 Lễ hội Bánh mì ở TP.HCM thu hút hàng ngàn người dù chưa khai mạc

---

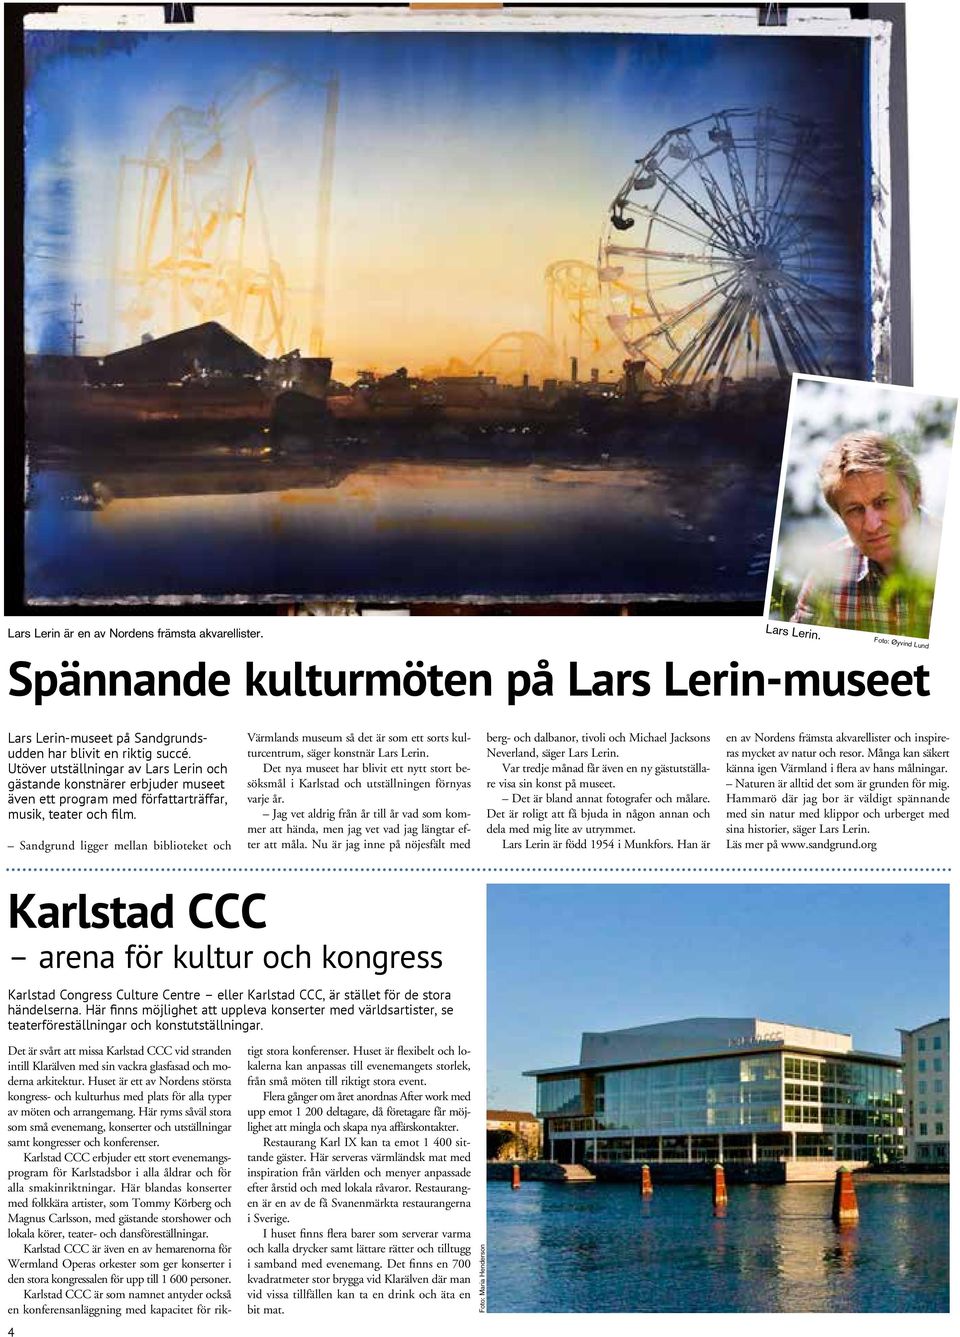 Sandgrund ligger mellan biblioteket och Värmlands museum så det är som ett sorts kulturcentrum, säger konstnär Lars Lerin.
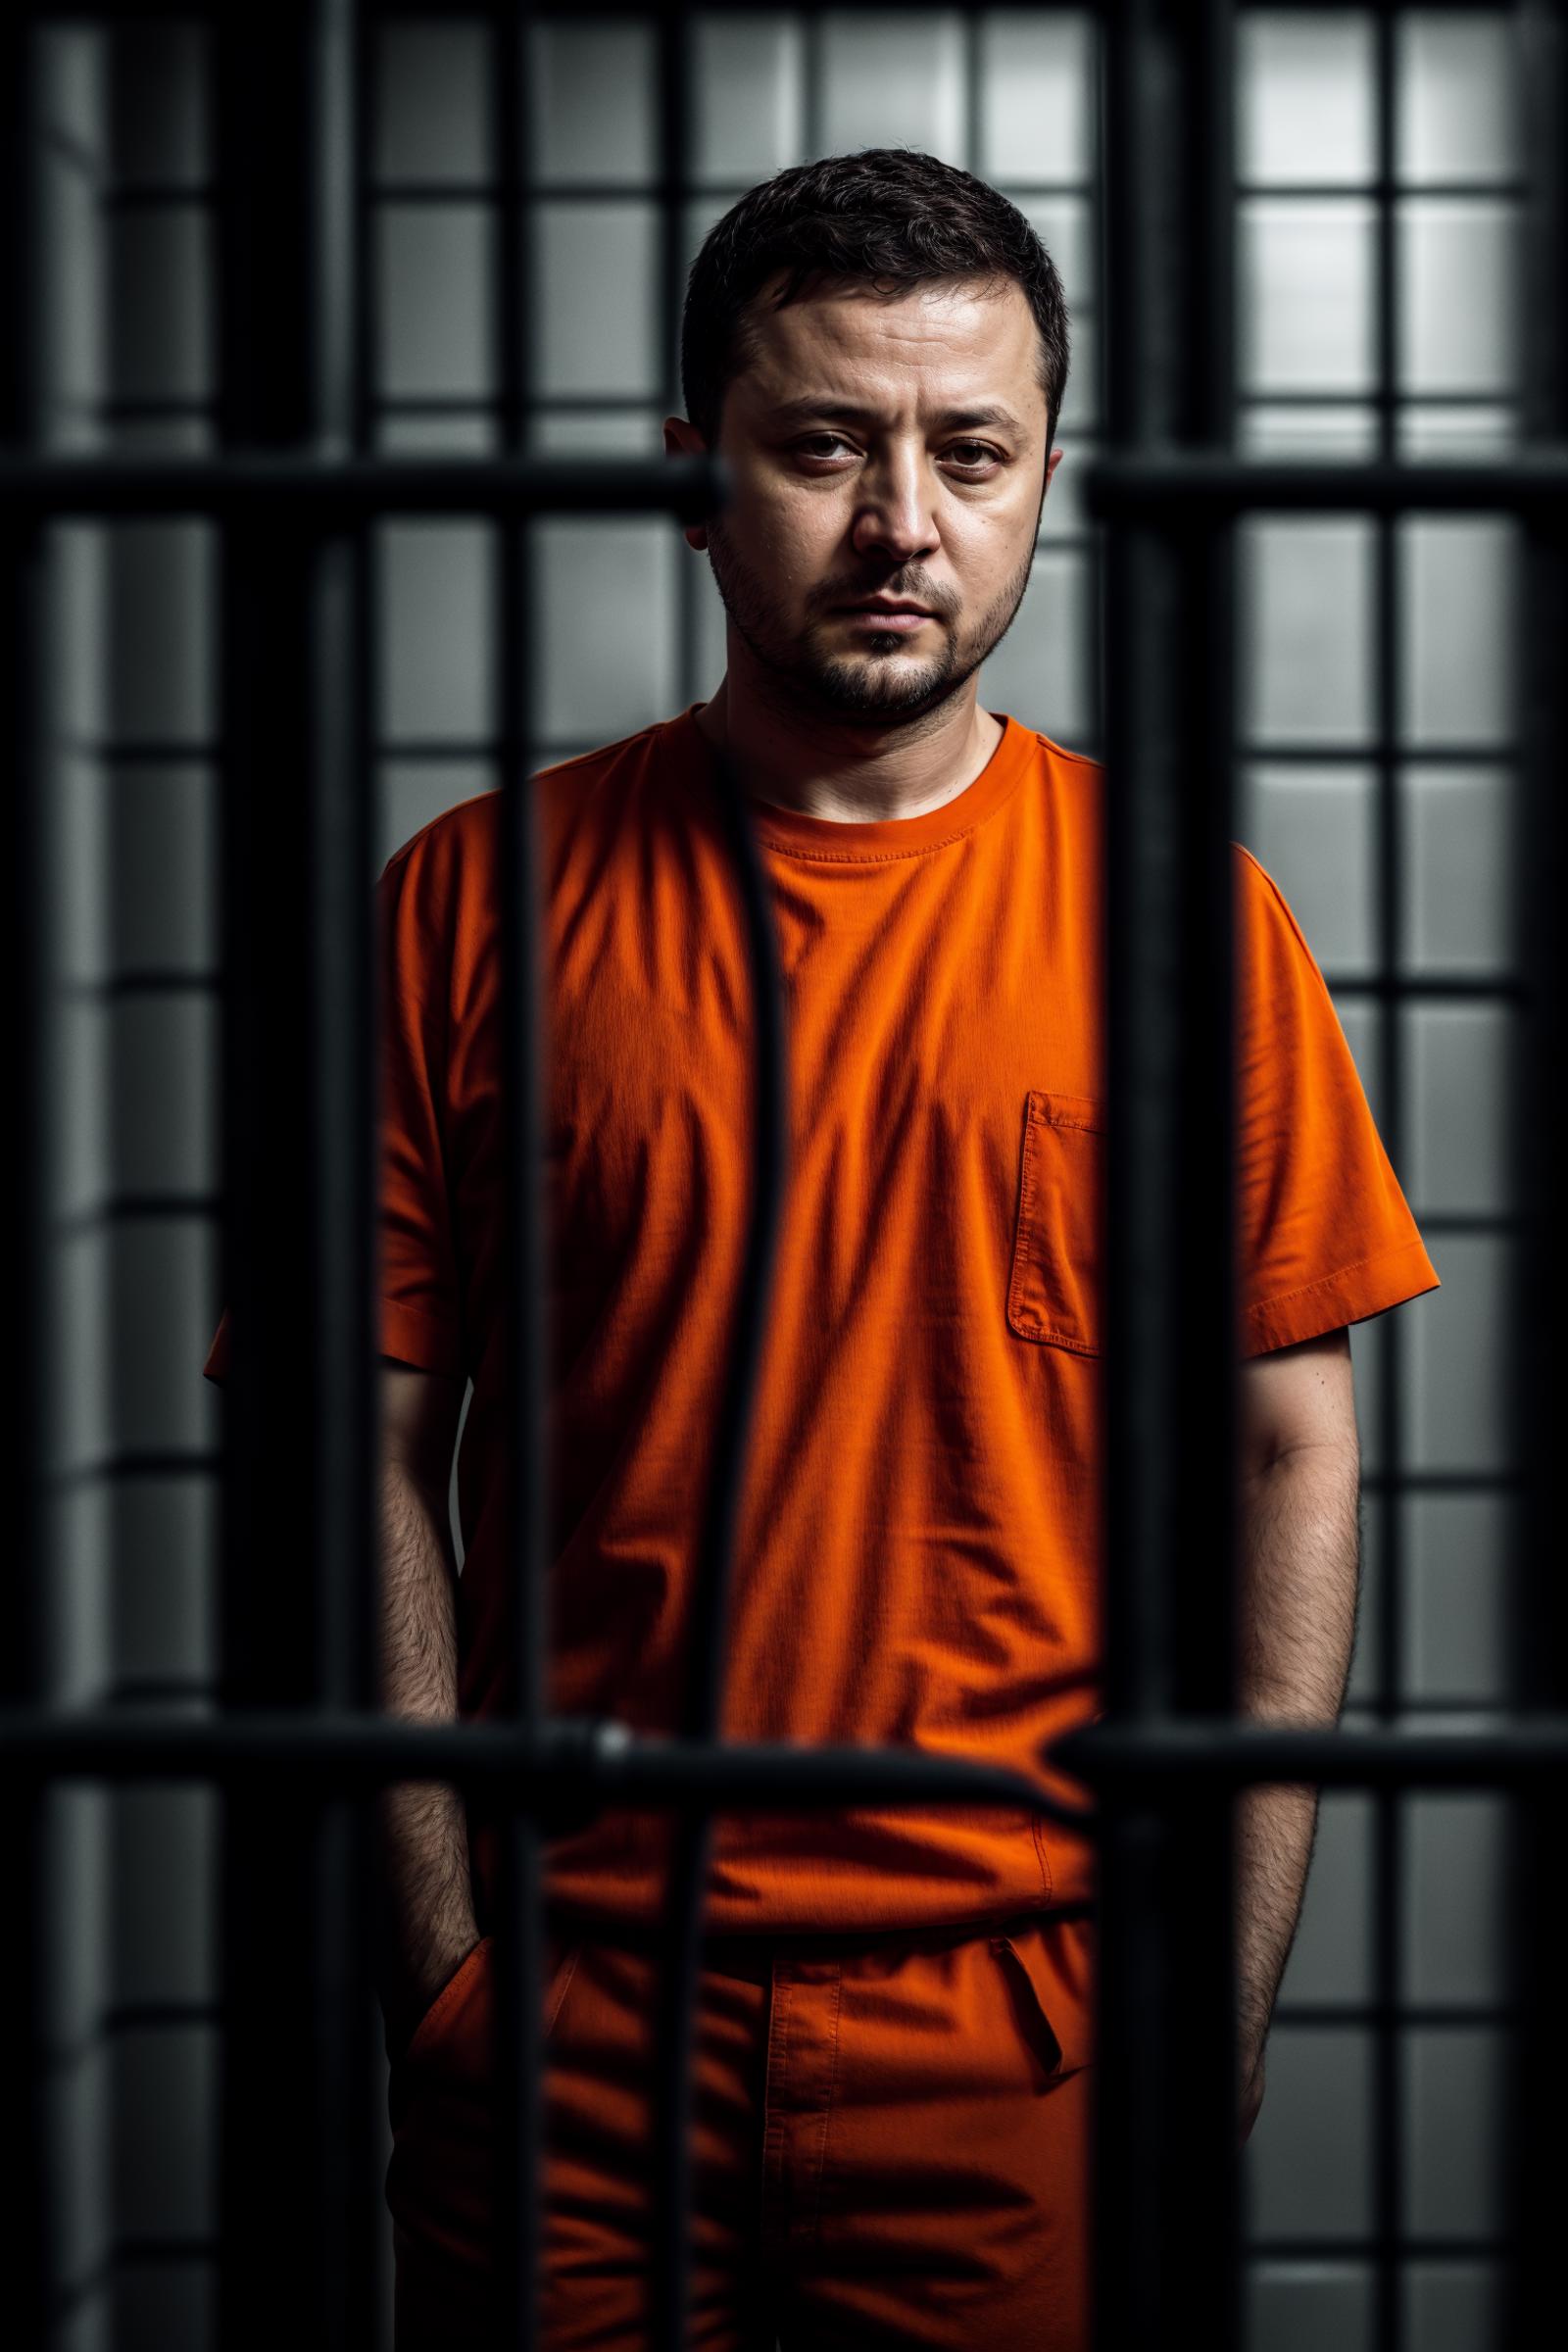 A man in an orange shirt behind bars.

...

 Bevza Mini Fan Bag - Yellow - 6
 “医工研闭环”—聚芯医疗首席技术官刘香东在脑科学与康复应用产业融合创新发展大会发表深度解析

WORK TO COMPLETE - Every line from the one with "Sandgrund ligger mellan" through the one with "A man in an orange shirt behind bars." is to be reproduced exactly as written above, and the pictures are to be dropped.

WRITTEN ANSWER -
 Sandgrund ligger mellan biblioteket och Värmlands museum så det är som ett sorts kulturcentrum, säger konstnär Lars Lerin.
 A man in an orange shirt behind bars.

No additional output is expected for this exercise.